Johan Picardt (* 5. Februar 1600 in Bentheim; † 21. Mai 1670 in Coevorden) war ein deutsch-niederländischer, evangelisch-reformierter Moorkolonisator, Pastor, Mediziner und Schriftsteller.

Leben[Bearbeiten | Quelltext bearbeiten]

Johan Picardt (oder Piccardt) war der älteste Sohn des reformierten Predigers Johan Pickhart (* 1. Mai 1560 in Neuenhaus, † 7. Dezember 1629) und dessen Ehefrau Elske Kemener (* 3. Januar 1569 in Neede/Herrschaft Borkulo; † 21. August 1607 in Bentheim). Zunächst besuchte er die Hohe Schule in Steinfurt. Die Pickharts gehörten zu jener Zeit zu den eingesessenen Familien in der Grafschaft Bentheim. Es wird bei dem späteren Namen Picardt immer wieder vermutet, dass eine Verbindung zur französischen Landschaft Picardie besteht, was aber nicht nachgewiesen werden kann. Eine enge Verbindung gab es dagegen zu den Niederlanden. Johans Bruder Alexander Pickhart (geb. 1604) kämpfte als Hauptmann in holländischen Diensten bis zu seinem Tod im Jahre 1640. Die französisierte Schreibweise des Familiennamens scheint Picardt selber eingeführt zu haben. Er studierte an der Universität Leiden. 1623 wurde er im holländischen Dorf Egmond aan Zee in den Kirchendienst übernommen. 1625 heiratete er dort Roeka Brederode aus Egmond († am 3. März 1666 in Coevorden). Sie hatten sieben Kinder. 1628 erwarb er in Leiden den Doktorgrad der Medizin. Durch seinen Verdienst durch medizinische Behandlungen kam es zu Auseinandersetzungen mit den Kirchenoberen.
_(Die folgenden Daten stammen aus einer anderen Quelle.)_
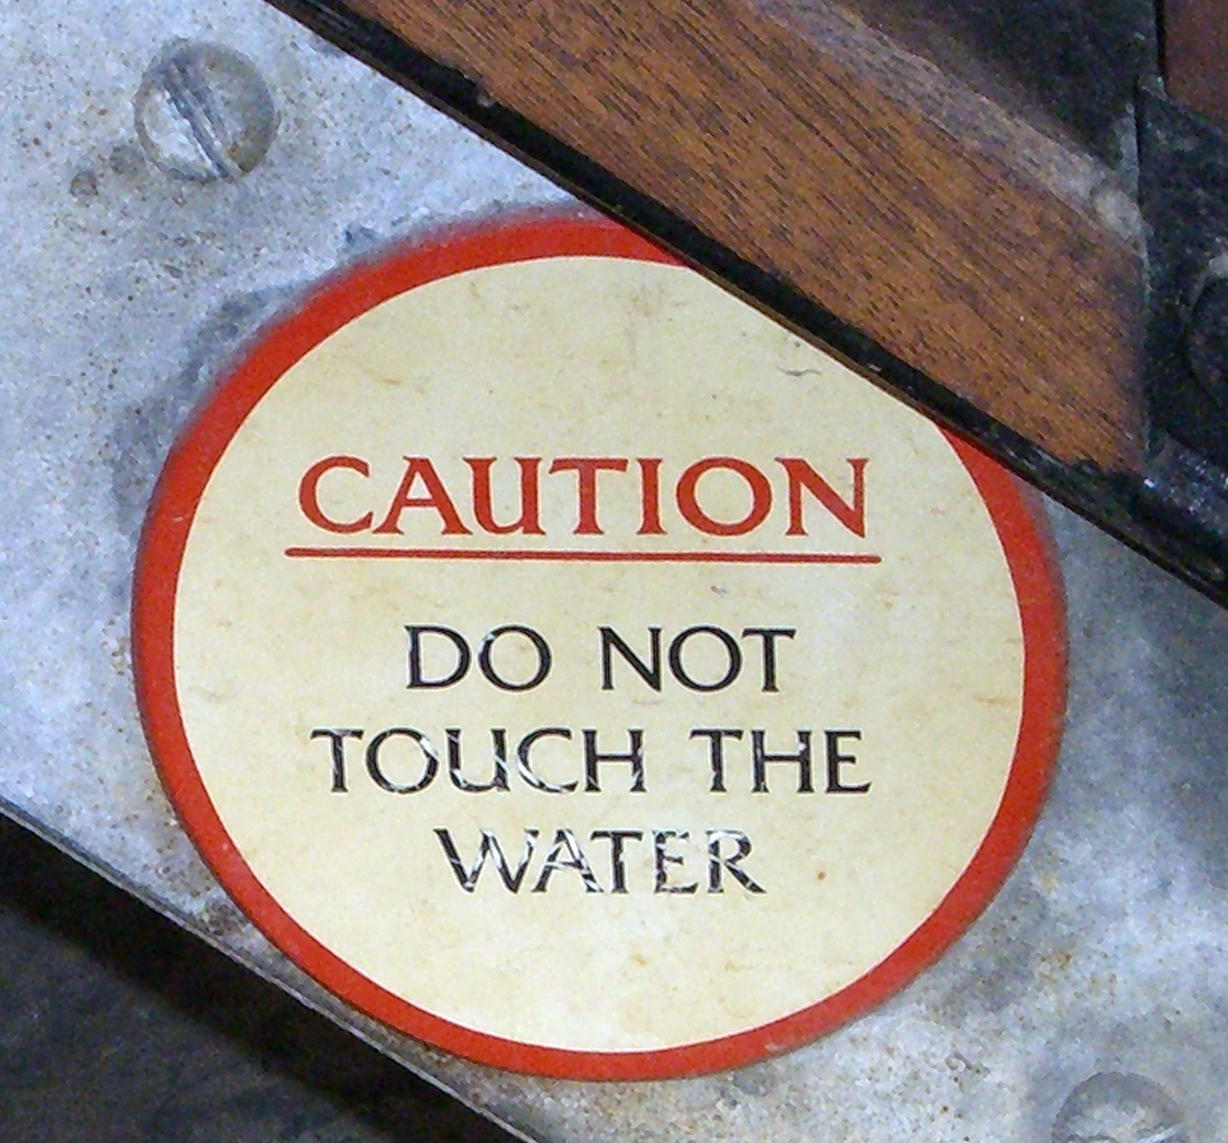 Do not touch the water sign

Da das Leben für eine große Familie in Holland nicht leicht gewesen zu sein scheint, versuchte er sich im trockengelegten Beemster, einem Nebenmeer der Zuiderzee, zum ersten Mal nebenbei als Landwirt. Um die Lage seiner Familie zu verbessern, pachtete er in der Drenthe, in Rhee, einen ehemaligen Klosterhof an. Von dort an begann er sich mit den Problemen der Landwirtschaft auseinanderzusetzen. 1643 erhielt er eine Stelle als Prediger in Rolde. 1646 verfasste er ein Werk über die Bedeutung des Predigtamtes. Dies wurde 1650 in Zwolle gedruckt. 1647 ist er in der Universität Groningen eingeschrieben. Da er hier wahrscheinlich auch mit Problemen der Landwirtschaft beschäftigt war, wurde er 1647 vom Grafen Ernst Wilhelm zu Bentheim und Steinfurt zum Directeur des Hochmoores berufen. Zugleich wurde er zum ersten Prediger nach Coevorden berufen. Um die Landwirtschaft zu verbessern, versuchte er schon im Jahre 1645 einen Kanal in der Grafschaft Bentheim zu bauen. Dieser Kanal wurde allerdings erst im 20. Jahrhundert gebaut und trägt den Namen Coevorden-Piccardie-Kanal.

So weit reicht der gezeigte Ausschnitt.